Above all, Germany is holding us back ... it’s a transitional phase, which depends on external factors
We are interested in focusing on the relaunch of our economy, which will certainly take place in 2019 ... This relaunch will hit full capacity in the second half.”
But is Germany really to blame? We know that the eurozone’s largest economy did contract in July-September, and more recent data has been disappointing too. However, German Q4 GDP data hasn’t been released yet.
Also France, which is vulnerable to the same forces, actually grew by 0.3% in the last quarter - despite the disruption from the Yellow Vest protests. Germany’s slowdown hasn’t helped, but Italy’s problems go deeper.
Italy’s slide into recession leaves a “black mark” on its populist government’s early track record, says Oxford Economics.
Here’s their take:
- In Italy, recent data show that its economy fell into recession in the second half of last year. The first estimate of Italy GDP published today showed a drop in GDP of 0.2% in Q4 − a touch worse than our estimate. Italy’s national statistical office has not yet published the GDP components, but it stated that net trade provided a positive contribution to growth, while domestic demand was negative.
- We expect Italy’s consumer demand to have remain subdued and investment to have dropped for the second consecutive quarter during Q4, due to lower business confidence, higher uncertainty and lower supply of credit.
- The government’s narrative that the problems are mainly from abroad is at odds with some of the data since net trade was positive for the second consecutive quarter while Spanish and France GDP numbers were more solid in Q4 (respectively at +0.7% and +0.3%).
- Moreover, the gap between Italian GDP growth and that of the rest of the Eurozone has been widening again, reinforcing our view that idiosyncratic factors (such as negative market reactions, uncertainty and falling confidence) have played a big part.

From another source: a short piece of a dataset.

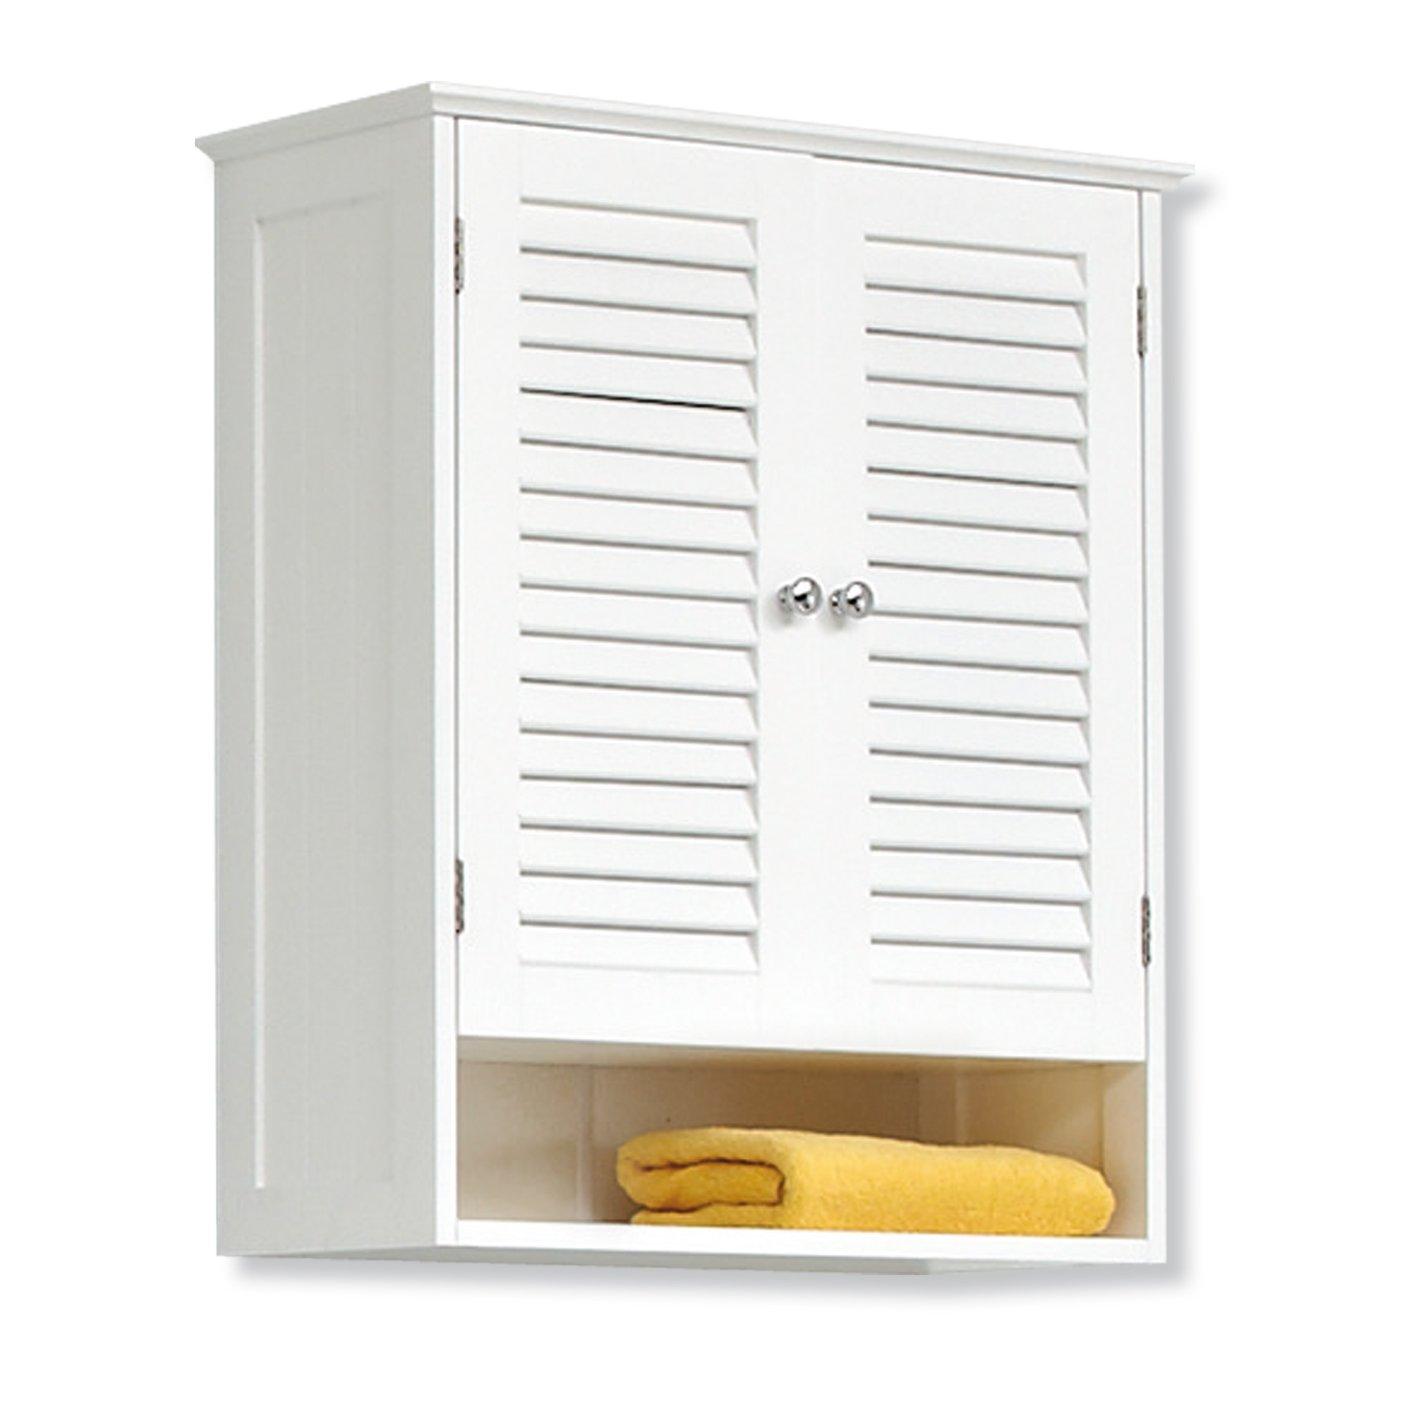 Wandschrank jasper badezimmer h ngeschr nke badm bel badezimmer wohnbereiche m belhaus - Roller badezimmer ...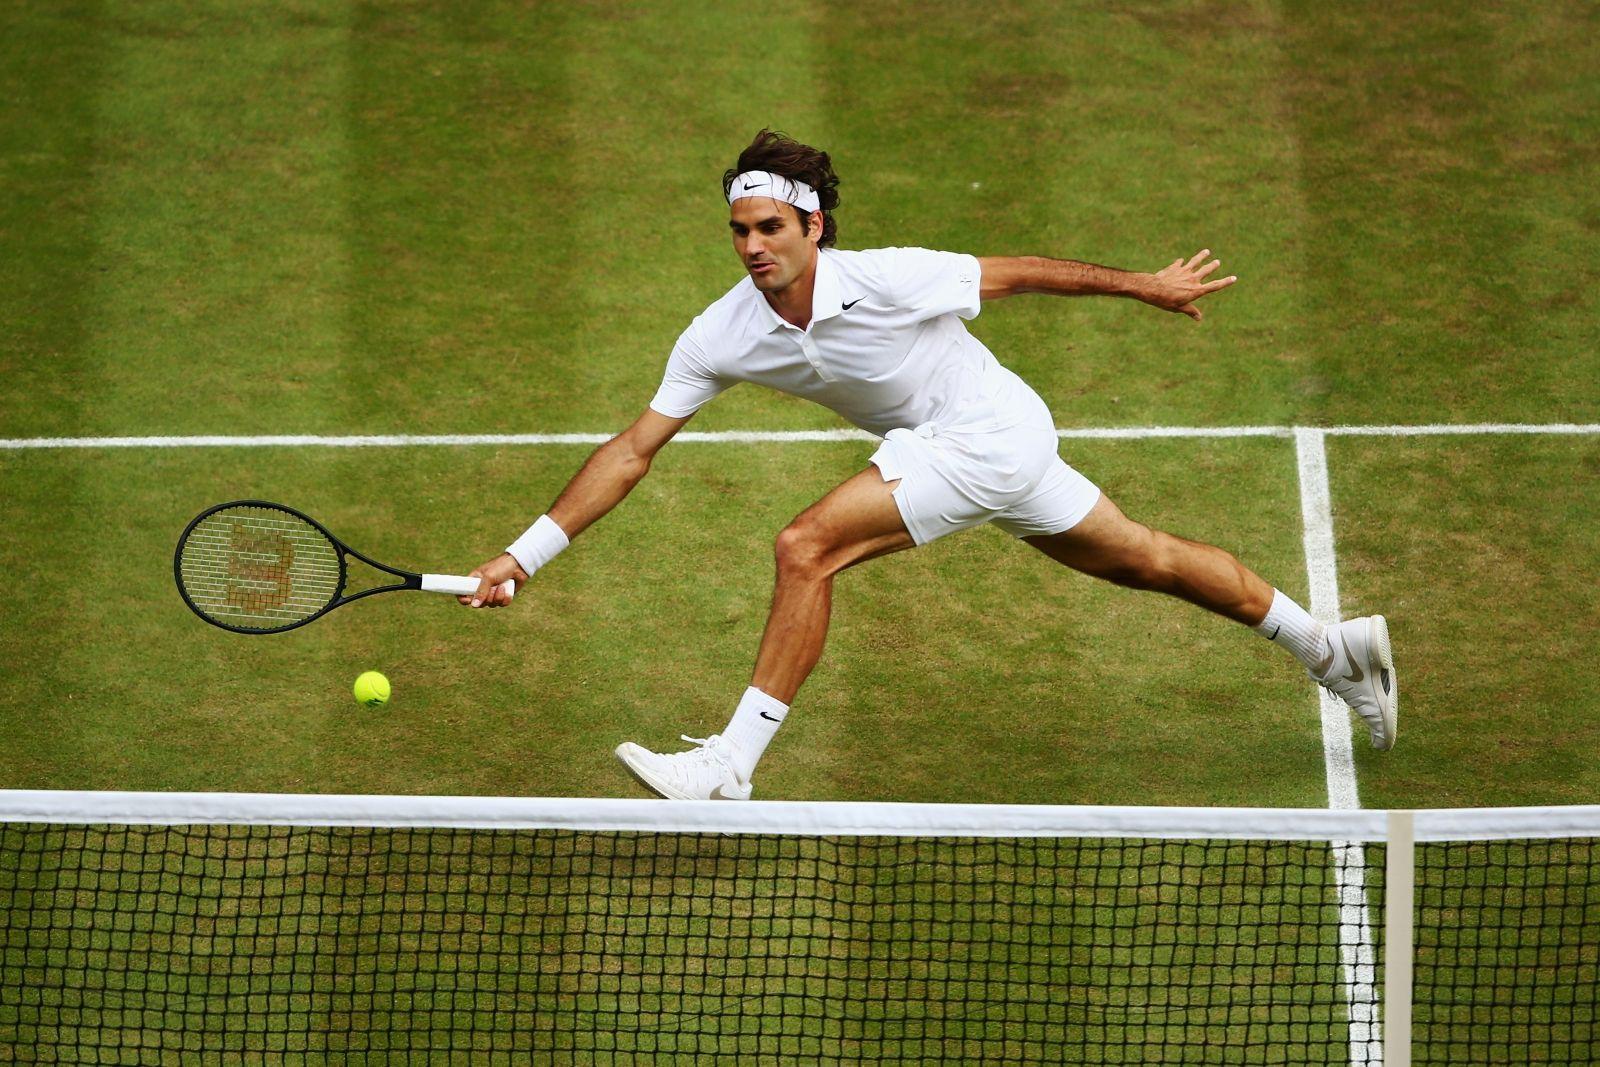 Roger Federer vs Novak Djokovic at Wimbledon

- Looking forward, the moderation in domestic financial market stress and the stabilisation in some indicators, such as employment, should set the stage for a stabilisation in Italian GDP in Q1 2019, but the risks remain clearly on the downside. The recession could drag on into the first half of 2019, particularly if confidence continues to disappoint.
- Given the worse than expected GDP number in Q4, we will very likely revise down our Italy forecasts (currently at an already weak 0.3%).
- 019 will very likely be remembered as a year of no growth in Italy − not a great track-record for the first year of the populist government.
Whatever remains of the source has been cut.